Mitgliederversammlung in der Kneipe
Mathilde ist im Vorstand der Buchgenossenschaft Hennwack, die das Antiquariat in Berlin übernommen hat. Vorstand, Genossenschaft – klingt kompliziert und etwas trocken, muss es aber nicht sein.
"Wir haben keine Mitgliedervollversammlung, sondern treffen uns abends in der Kneipe."

Mathilde und ihre Kolleg*innen sind untereinander alle befreundet, vieles läuft deswegen informell ab. Es gibt auch keine klassische Mitgliedervollversammlung. Wenn es etwas zu besprechen gibt, dann abends in einer Kneipe oder in einer WhatsApp-Gruppe.
Demokratisch, praktisch, gut
So läuft das ab: Jede Person hat eine Stimme, alle Stimmen zählen gleich viel. Es macht keinen Unterschied, wie viel Geld jemand mitbringt. Genossenschaften sind also sehr demokratisch.
Das Antiquariat ist gerade vorübergehend geschlossen und soll jetzt umziehen, ein paar Straßen weiter. Geplant ist ein Buchladen mit kleinem Café als kultureller Treffpunkt für all diejenigen, die Lust auf Bücher haben.

"Es ist zu viel für eine Person, das zu managen."
Eine Person alleine würde den Umzug mit fast einer halben Million Bücher wahrscheinlich gar nicht schaffen.
Ein Ort für Bücher und Gemeinschaft
Auch zu zwölft ist das alles viel. Aber die Buchgenossenschaft ist davon überzeugt, dass das, was sie tut, wichtig ist.
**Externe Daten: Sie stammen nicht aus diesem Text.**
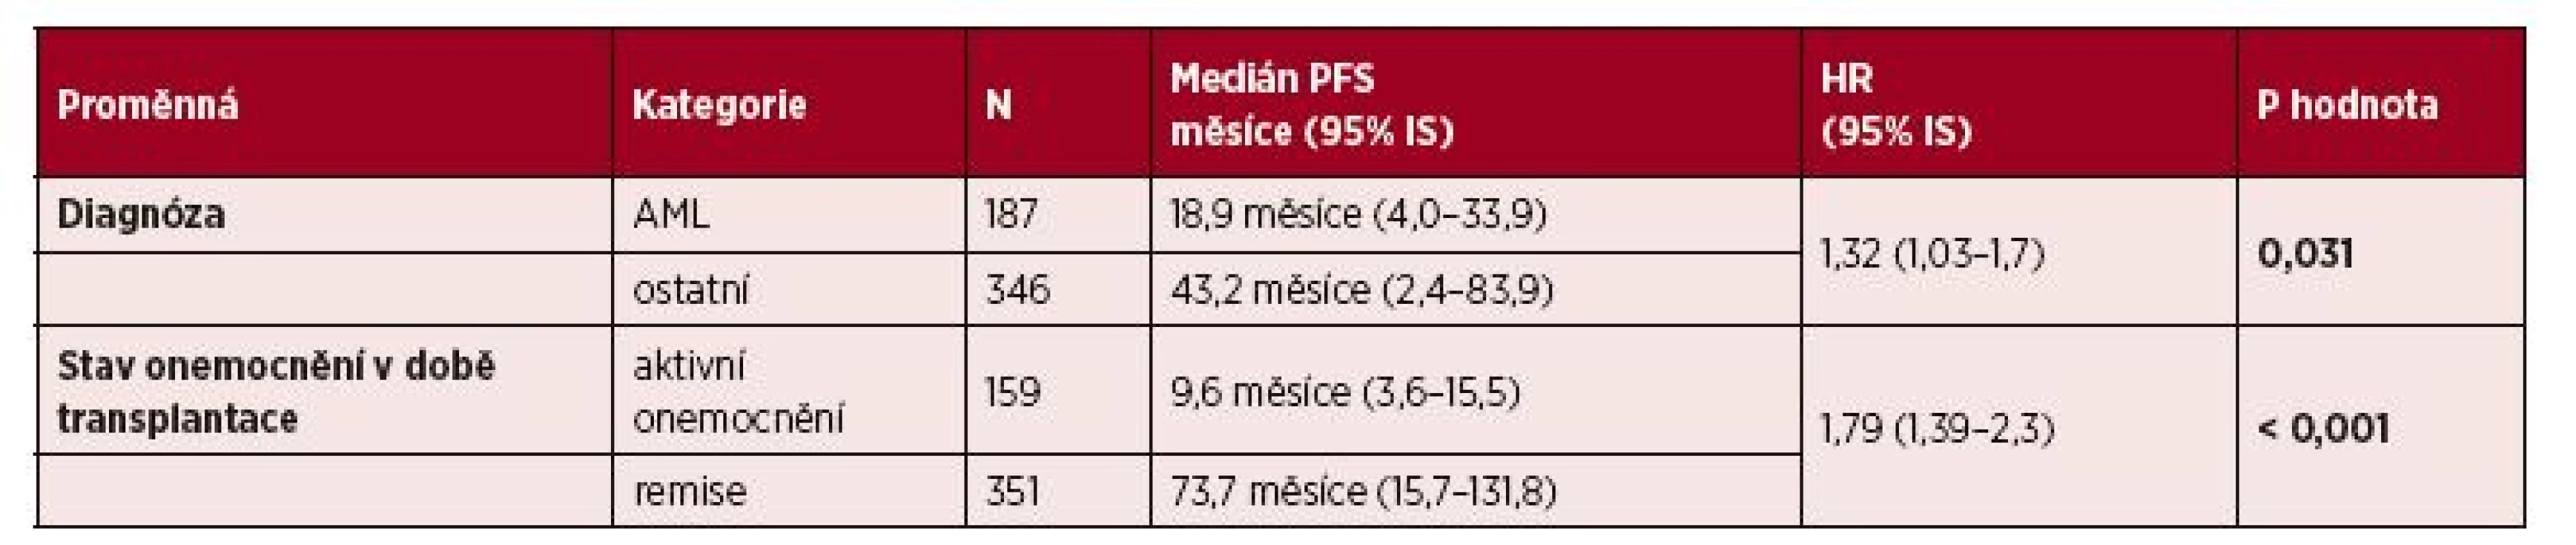 Vliv vybraných klinických parametrů na PFS: multivariční analýza

Die Arbeit machen sie und ihre Freunde sich aus ideellen Gründen, sagt Mathilde. "Diese Orte müssen bewahrt werden und man muss sie auch neu schaffen."
"Wir machen das in erster Linie aus ideellen Gründen."
Damit liegt die Buchgenossenschaft Hennwack im Trend. Fast die Hälfte der Genossenschaften, die es heute gibt, haben sich seit den 2000er Jahren neu gegründet. Die Vereinten Nationen haben 2025 sogar zum internationalen Jahr der Genossenschaften erklärt.
Genossenschaften werden streng geprüft
Wer selbst eine Genossenschaft gründen will, sollte die Geschäftsidee aber gut durchdacht haben. Die wird nämlich von mehreren Instanzen auf Herz und Nieren geprüft.
Erst dann gibt es einen Eintrag ins Genossenschaftsregister. Mindestens alle zwei Jahre steht eine Jahresabschlussprüfung an.